STRUCTURE AND FUNCTIONS OF INFORMATION PROCESSING/ANALYSIS SYSTEM FOR ENVIRONMENTAL EPIDEMIOLOGY (IS)

PROBLEMS TO BE SOLVED BY IS
INFORMATION FLOWS IN IS
THE COMPONENTS OF IS
PROCESSES INSIDE AND OUTSIDE IS
THE USAGE OF IS

PROBLEMS TO BE SOLVED BY IS
   IS is a branch of environmental control. It handles informational control, in contrast to direct control by force. It is this informational branch that is presently underdeveloped in RF.

   Russia collects a lot of data on health and environment. However, their potential is just minimally used in decision-making because data per se are indigestible and the decision-maker receives only a tiny portion of their informational content. IS will handle this bottleneck by using a deeper-than-usual information processing and a higher-capacity tool - environmental health scenario - for contacting the decision-maker.

   As any information system, IS can be split into 3 stages:

Information input:
1. Information input (primarily, monitoring data) is full of errors and gaps. How should it be refined and where should the refined information be stored? (IS answer: by filtering through the model.)
2. The monitoring data for different territories etc. are usually incomparable in their raw form. Also, data may have several levels - from an individual to RF as a whole. What common denominator can be found for comparison? (IS answer: use a coherent data processing technology based on multilevel models of the unified form.)
3. The existing monitoring system has hardly an element that doesn't call for improvement. What should be improved first? (IS answer: what is calculated by IS to be the most important for decision-making.)
Information processing:
1. Monitoring provides numerical data that is processed numerically, too. However, experts have a lot of qualitative, logical information that could potentially fill the gaps that exist in figures. How can it be used? (IS answer: by using only those models and processing algorithms that have both a numerical and a logical version.)
2. There are two approaches to the impact of pollution on health. Toxicology relies on pollutant concentrations and toxicities measured in laboratory. Epidemiology relies on real-world disease incidence data. Both have merits and drawbacks. How can they be combined, so that output information would stand on both feet? (IS answer: toxicological approach is more universal and is chosen for IS skeleton - automatic information processing pipeline. Epidemiological studies serve as plug-ins to the pipeline and are used to refine the environmental epidemiological (EE) models in IS.)
3. The correlations between pollution and health within the total bundle of factors are too weak. When a single causal chain "pollutant->disease" is extracted from the bundle, it may prove reliable. However, one can't afford to extract all chains in this way. Then, on what should data analysis be based? (IS answer: on stable patterns of factors that, on one hand, go together, and, on the other hand, don't need special extraction efforts.)
Information output:
1. How should the cost of EE decisions be taken into account? (IS answer: through the balance of medical and economical criteria for choosing a plan of action appropriate for each hazard. A set of model plans, each with its own costs and expected effects, will be supported by IS.)
2. What should be left to decision-maker's choice and what should be optimized in advance? (IS answer: the decision-maker should input into IS his/her criteria of evaluation for EE situation and for possible action. IS should produce a scenario optimized along the lines consistent with these criteria. Where there is not enough data for automatic optimization, IS should still leave the choice to decision-maker.)
3. There are several stockholders in the decision-making process, each with one's own viewpoint and interest. How should this multiplicity be handled? (IS answer: by searching for a multicriterial balance of interests within a bundle of model scenarios. The search can be directed by IS or by stockholders themselves.)

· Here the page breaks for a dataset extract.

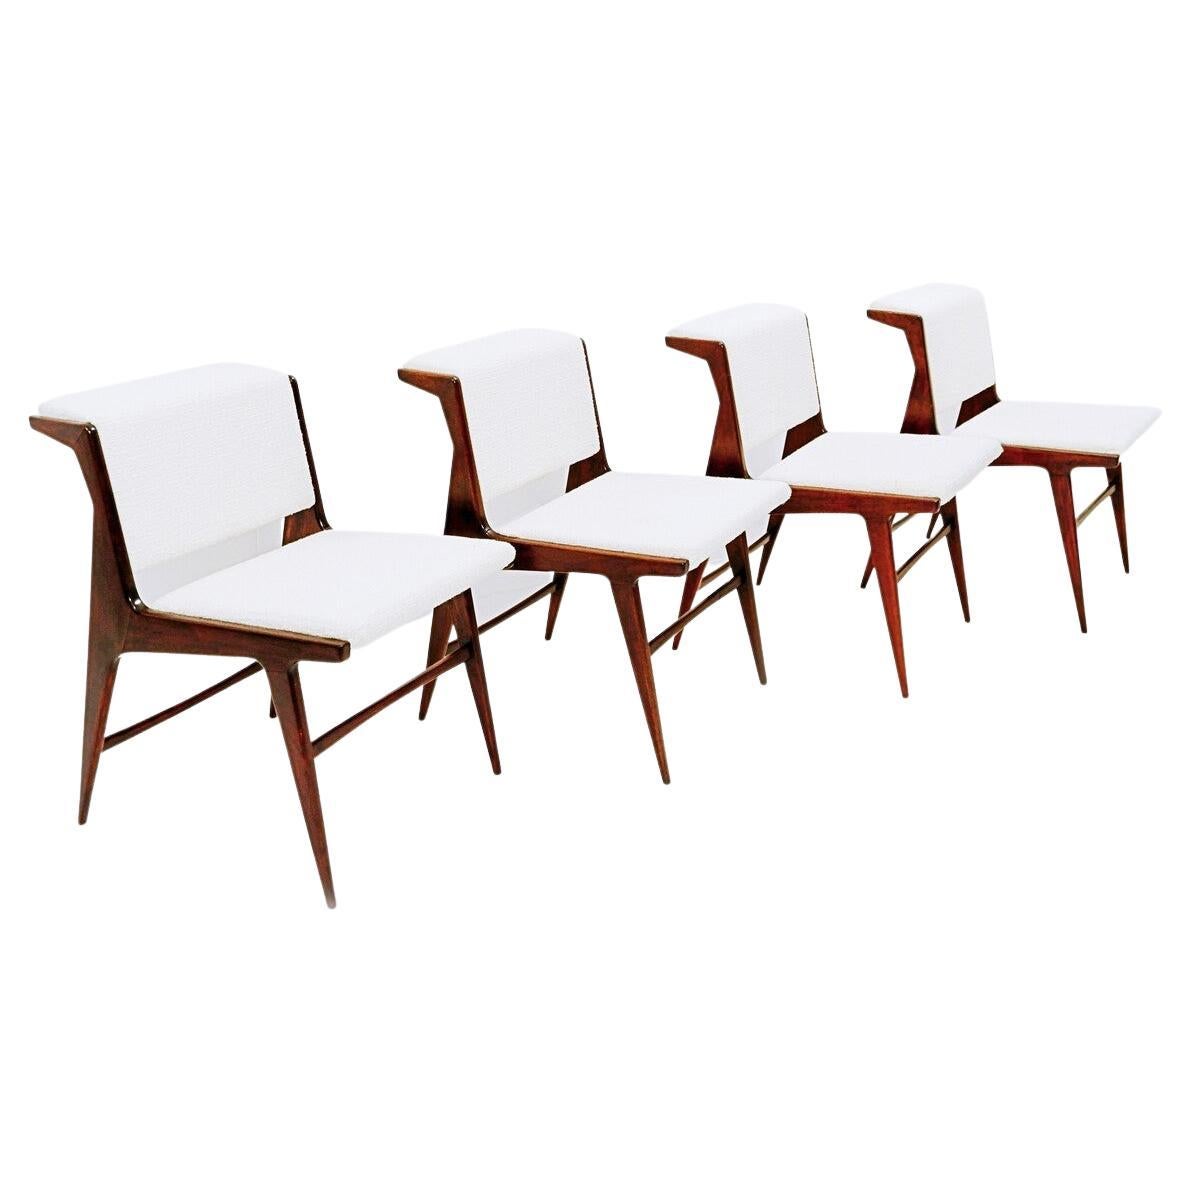 Ensemble de 4 chaises italiennes modernes du milieu du siècle dernier, bois et tissu blanc, années 1960

Each stage puts its specific problems that are too difficult to be handled in isolation. IPS will provide a complex solution for them, which will be, hopefully, more effective than partial solutions.

INFORMATION FLOWS IN IS
Each hazard has several components:

pollution source;
recipient organism;
social factors;
possible organizational countermeasures.

The goal of IS is connecting the components into a self-regulating system called henceforth controlled hazard. Presently, informational feedback from the monitoring of a hazard to its control is too weak for self-regulation to appear. IS should amplify this branch by means of a powerful informational channel - a model.

Fig. 1

Fig.1 shows a transition from the present information flow structure to one characteristic for IS. The width of lines indicates the capacity of respective information channels. The overall capacity is, of course, determined by bottlenecks. One such place is held by experts and decision-makers, but in IS they cease to represent a consecutive information link and become sort of controller sitting on a much more powerful information flow from hazard monitoring data to hazard control measures.
Direct information transfer shown by point is justified only in emergency regime when IS is not fast enough to respond, so that monitoring/control chain obviates the model.

THE COMPONENTS OF IS
   As shown in Fig. 1, IS can be thought of as a part of controlled hazard. The core of IS is formed by the model of the hazard. Although the environmental health problem is, in principle, a whole, it can be naturally split into more or less independent hazards according to territory, pollutant, etc. The models split in the same way. If hazard control is permanent, each model object participating in the hazard - plant, social group etc. - acquires its own "mini-IS" that connects it to other components of the hazard control cycle.
   "Mini-IS" may exist just within a computer, as a relatively independent part of the total model. However, it can also be embodied into an organization, e.g., into a territorial center for IS. It is important to distinguish between organizational and informational structure of IS. Both have several levels, but in an entirely different way.
   Organizationally, IS is a network of computerized centers for data analysis served by experts. Regional centers are situated in regional institutions, e.g., of Sanepidnadzor. They are linked by computer networks to the federal center situated in one of the federal institutions.
   The federal center supports only models and data necessary for problem-solving at the federal level, e.g. norm-setting at the federal scale. Regional centers can access the full variety of EE information on the region, including individual health registers. They also interface the databases that belong to other institutions. If necessary, the federal center addresses the regional ones a request for scenarios and forecasts related to any regional hazard, even up to an individual plant's scale.
   Informationally, the skeleton of IS is formed by the information processing pipeline. It consists of submodels that correspond to components of a hazard - pollution sources, populational groups, etc. - process information and pass it to each other in a row. Submodels are hierarchical and include several levels of objects: a plant to an industrial branch; an individual to a population etc. Information processing may involve a transition from a level to another.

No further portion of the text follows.